I am trying to forward fill values in a Deedle C# data frame, like the equivalent of using the pandas.ffill() function in python. The forward fill in pandas, allows for forward filling at both row and column indexes. I want do the same in Deedle, to take the nearest non missing value on the same row but from a different column, so across rows, which is very simple in python and pandas. I'm new to both C# and the Deedle library, and all I can find in the documentation is how to forward fill values within a series not across a data frame. Any help is greatly appreciated, I'm new to this, and I can't seem to find any substantial examples for this library anywhere.
This is an example of my data frame and I am trying to forward fill the values across the rows. So, the filled value for the missing value in col3 would become the last value in same row of col2 etc.
-------- rawDF ------
col1 col2 col3
AAA BBB
CCC DDD EEE
FFF
BBB AAA
DDD CCC
EEE FFF
AAA
BBB CCC
AAA
FFF AAA
DDD
The examples which are provided in the Deedle documentation for both C# and F#, only fill the values within a series as shown. If I attempt to FillMissing(); across the data frame I get nothing returned at all.
//Fill with previous available value in the series
var fillFwd = col2.FillMissing(Direction.Forward);
fillFwd.Print();
//Fill with the next available value
var fillBwd = col2.FillMissing(Direction.Backward);
fillBwd.Print()
---- nothing happens with the following ----
//forward fill all values in the DF
rawDF.FillMissing(Direction.Forward);
rawDF.Print();
//backward fill all values in the DF
//fill values in the DF with a constant value
rawDF.FillMissing(0);
rawDF.Print();
First of all, your second group of examples where you call rawDf.FillMissing
and then print rawDF
do not do anything because Deedle data frames are (mostly) immutable. Operations like FillMissing
return a new (filled) data frame and do not modify the original one. So, the right way of using the operations is as in your first group of examples where you assing the result to a new variable and then print that.

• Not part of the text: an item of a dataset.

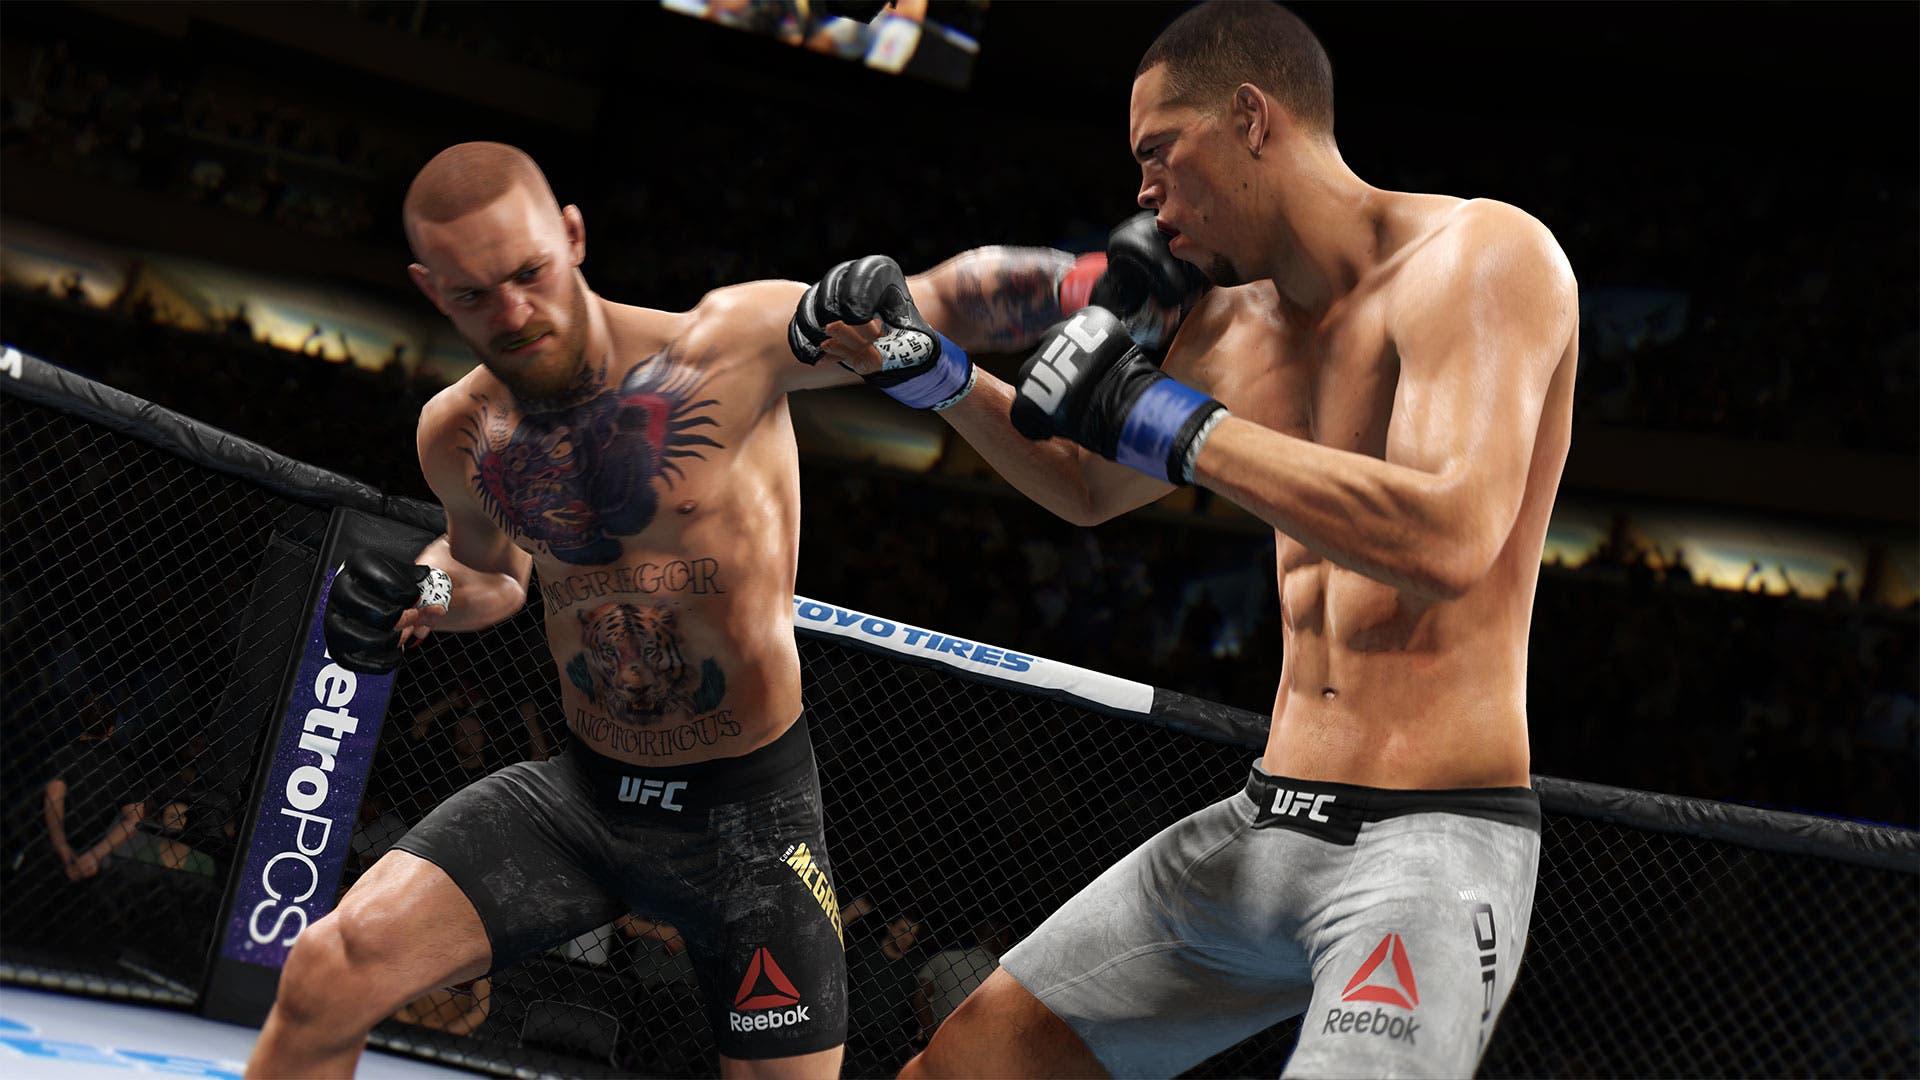 Electronic Arts informó que confirmará el lanzamiento de UFC 4 en julio y trae grandes novedades: Aparecerán Tyson Fury y Anthony Joshua

Second problem I encountered was that when you read your sample data from (say) a CSV file, the empty strings in the file will not be treated as missing values but as valid (empty) string values. Deedle can treat those as missing values if you use Select
and turn empty strings to null
:
var df = Frame.ReadCsv("C:/temp/aa.csv");
var dfEmpty = df.SelectValues((string s) => (s == "") ? null : s);
Now you should see something happening when you use the FillMissing
operation as you did:
var fillFwd = dfEmpty.FillMissing(Direction.Backward);
fillFwd.Print();
As you correctly pointed out, this does not do what you want - it fills values from top to bottom. You wanted to fill data from left to right. One way to do this is to use Select
which lets you transform each row individually:
var fillRight = Frame.FromRows(dfEmpty.Rows.Select(row =>
row.Value.FillMissing(Direction.Forward)));
fillRight.Print();
You could also transpose the data frame, then fill the missing values and then transpose it back (which is quite nice way of expressing what you need, but trnasposition might be a bit more time consuming than just using Select
):
var fillRight = dfEmpty.Transpose().FillMissing(Direction.Forward).Transpose()